Guessing if you can't get clean rainwater you would then use dirty rainwater or ???? Let your imagination go on this one. Later it talks of dealing with the coolant in "frosty" weather. Another piece of important advice for tractor owners from the Indian manufacturer, Tafe.


----------



## dozer966 (Dec 30, 2014)

I'd be weary of using rainwater from my area because of the acid rain fallout from the smelters in my area. I don't think that's a very good idea.


----------



## Captain Mal (Jul 15, 2020)

Of course. The advice is an asinine joke to me. Think about the source. India. Maybe poor to no running water, no distilled or other clean water source. Dig a hole in the ground and see what accumulates. In that situation rainwater is "clean" compared to the options. 

Reading something silly like that should reinforce the reality that those of use in North America and many other parts of the world have built a standard of living only dreamed about in the rest of the world. 
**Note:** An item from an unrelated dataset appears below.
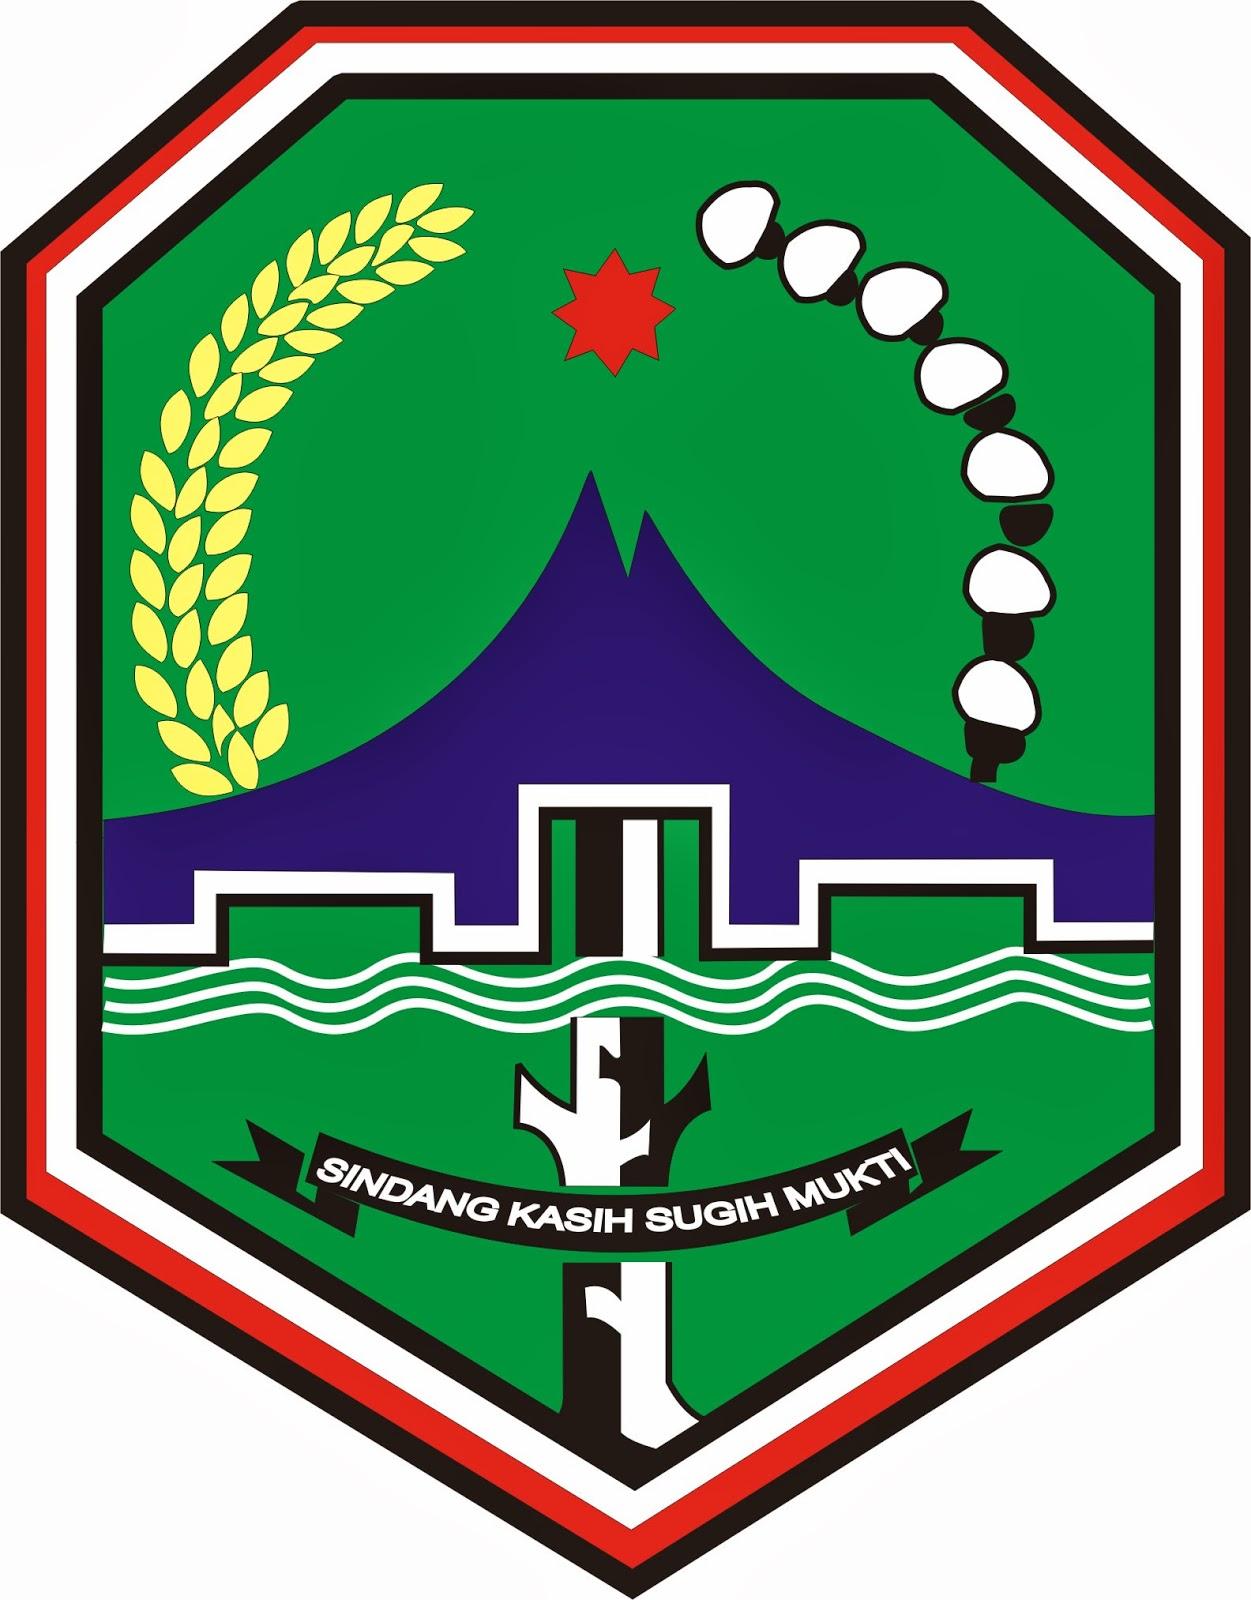 Logo Majalengka Png : majalengka, Majalengka
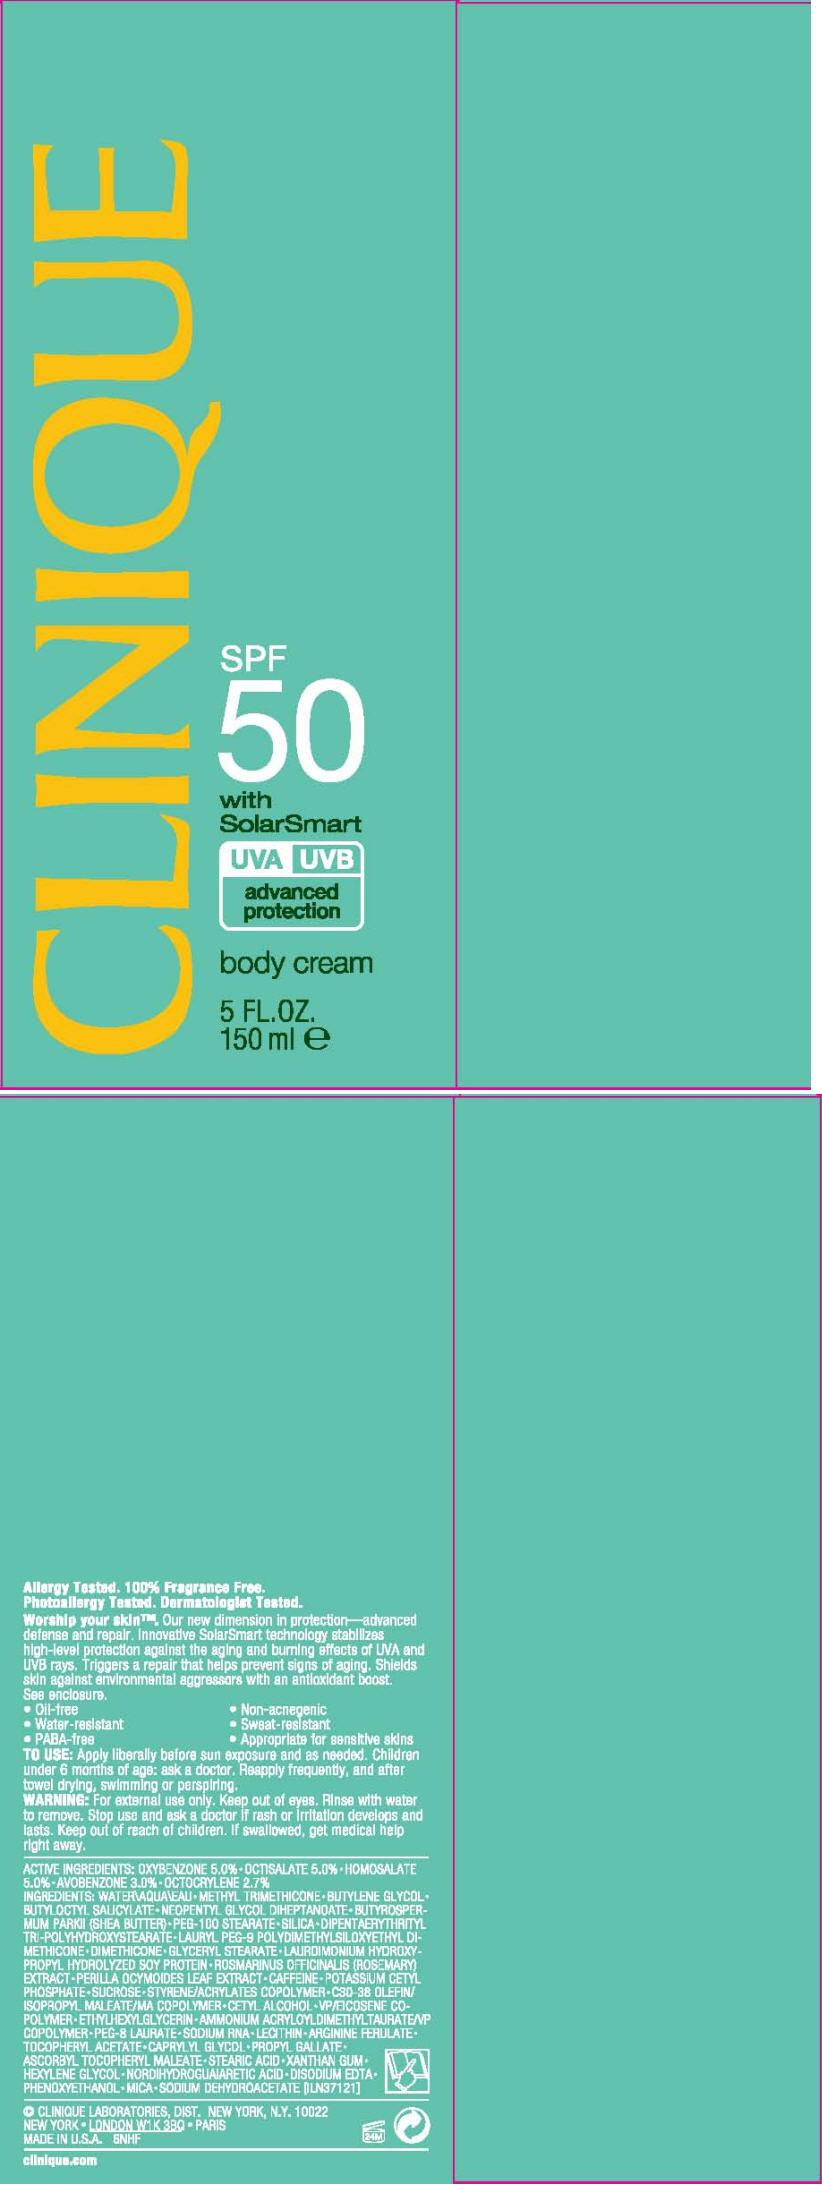 Clinique (Oxybenzone, Octisalate, Homosalate, Avobenzone, And Octocrylene) Cream [Clinique Laboratories Inc.]

You think Canadian skies are polluted, try a visit to India, Russia, China, South America etc. Makes you realize how precious the area is we live in and how lucky we are to be here.


----------



## dozer966 (Dec 30, 2014)

Captain Mal said:


> Of course. The advice is an asinine joke to me. Think about the source. India. Maybe poor to no running water, no distilled or other clean water source. Dig a hole in the ground and see what accumulates. In that situation rainwater is "clean" compared to the options.
> 
> Reading something silly like that should reinforce the reality that those of use in North America and many other parts of the world have built a standard of living only dreamed about in the rest of the world.
> 
> You think Canadian skies are polluted, try a visit to India, Russia, China, South America etc. Makes you realize how precious the area is we live in and how lucky we are to be here.




Very well said


----------